Ехали долго. Стемнело, начало мести, дорогу быстро присыпало снегом – и ее почти не было видно в слабом свете фар. Слабосильный мотор тяжело подвывал на подъемах, перегревался. Раза два съезжали с дороги и буксовали – тогда все выходили, неуклюже наваливались на машину, толкали.
Почти все время молчали. Ирина забилась в угол на заднем сиденье, прятала лицо в платок. Алексей нервничал, резко переключал скорости, напряженно смотрел вперед, на белую снежную пляску.

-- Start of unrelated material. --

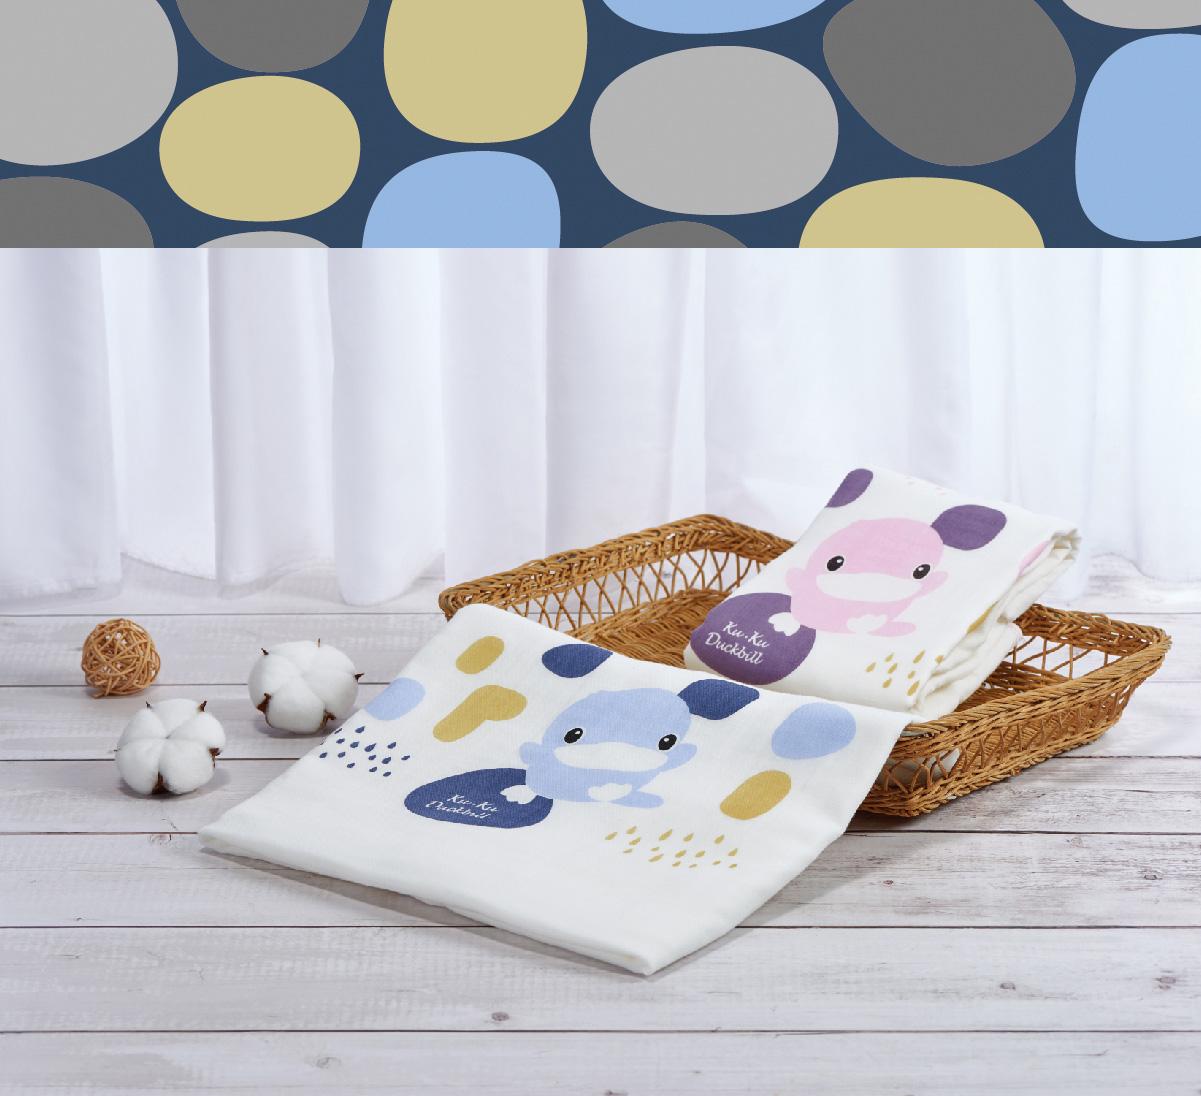 proimages/Cottons&BabyClothing/BabyClothesSeries/GauzeBathTowel/2394/2394-成長印記紗布大浴巾EDM12.jpg

Доехали, однако, благополучно. Деревня мутно светилась сквозь ветреную снежную завесу, ветер полновластно хозяйничал на пустой широкой улице, наметал сугробы у стен и заборов. Дом Михаила Федоровича выглядел как бы особняком, не по-жилому. Был он закрыт ставнями и темен, ворота и калитка распахнуты настежь, ветер не успевал заметать протоптанную дорогу – деревня шла прощаться с Анной Матвеевной. Над двором широко раскачивалась большая яркая лампочка, гоняла быстрые серые тени, в сарае глухо подвывал измученный хозяйской бедой Шарик.
Ирина тяжело выбралась из машины, молча пошла в дом. Михаил Федорович и Алексей словно по уговору задержались, топтались около машины.
– Как же ты на станцию-то поедешь? – спросил Михаил Федорович. – Застрянешь ведь.
Алексей покрутил головой, прислушиваясь к ветру, посмотрел на небо.
– Проеду как-нибудь. Может, еще утихнет.
– Смотри, а то...
Он не договорил, оба, как по команде, повернули головы к дому: оттуда, сквозь толстые бревна, явственно донесся тихий и жуткий нечеловеческий вой. У Михаила Федоровича задергалось лицо, он торопливо зашагал в дом, на голос Ирины, постоял в сенях, сжал челюсти, пытаясь справиться с непослушным лицом, открыл дверь. Кое-как разделся, сбросил полушубок прямо на пол, в углу, шагнул на середину комнаты и через открытую дверь увидел – в желтом сумраке, пахнущим ладаном, бесформенным комом лежала на полу Ирина, обхватив руками ножку стола, на котором стоял гроб, и в растерянном молчании дома голос ее был страшен и дик. Потом всхлипнул еще кто-то, и тут же повалилась на пол Верка, заплакали и в передней комнате – и через минуту весь дом стонал, причитал, рыдал. Михаил Федорович метнулся из избы, в сенях долго пытался зажечь папиросу трясущимися руками. Зашел Алексей, дал ему прикурить, потом принес шапку и полушубок, накинул на плечи Михаилу Федоровичу, тихо сказал:
– Оденься, дядя Миша.
И сам застегнул ему пуговицы.
– Давай выйдем.
И Михаил Федорович послушно вышел за ним и побрел в огород, к бане, с трудом выдергивая тяжелые ноги из снега. Алексей открыл четверть с самогоном, поискал глазами, из чего выпить, ополоснул черпак и налил туда. Михаил Федорович торопливо проглотил жгучую жидкость, разливая ее по полушубку, снова потянулся за папиросой и долго сидел, глядя в темный, пахнущий сыростью и вениками угол сухими потухшими глазами.
17
Весь вечер шла деревня в дом к Анне Матвеевне. В сенях осторожно сбивали с себя снег, тихо, с трудом открывали тяжелую разбухшую дверь, молча останавливались на пороге, кое-кто крестился и кланялся иконам. Раздевались, проходили туда, где лежала Анна Матвеевна. Гроб был слишком просторен для ее исхудавшего, иссохшегося тела, оно, плоское и невесомое, неуютно лежало там, и лицо ее с подвязанной челюстью только чуть-чуть возвышалось над краями гроба. Колеблющееся многоязыковое пламя свечей резко очерчивало черные провалы глазниц, рот тускло скалился полоской желтых зубов. Тихо было – только иногда кто-нибудь начинал бормотать молитву, а когда затихала она – слышно было, как потрескивают свечи. Фигуры молчаливых людей были неподвижны, темны и безлики. Завывал за стенами ветер, бросал в ставни снег.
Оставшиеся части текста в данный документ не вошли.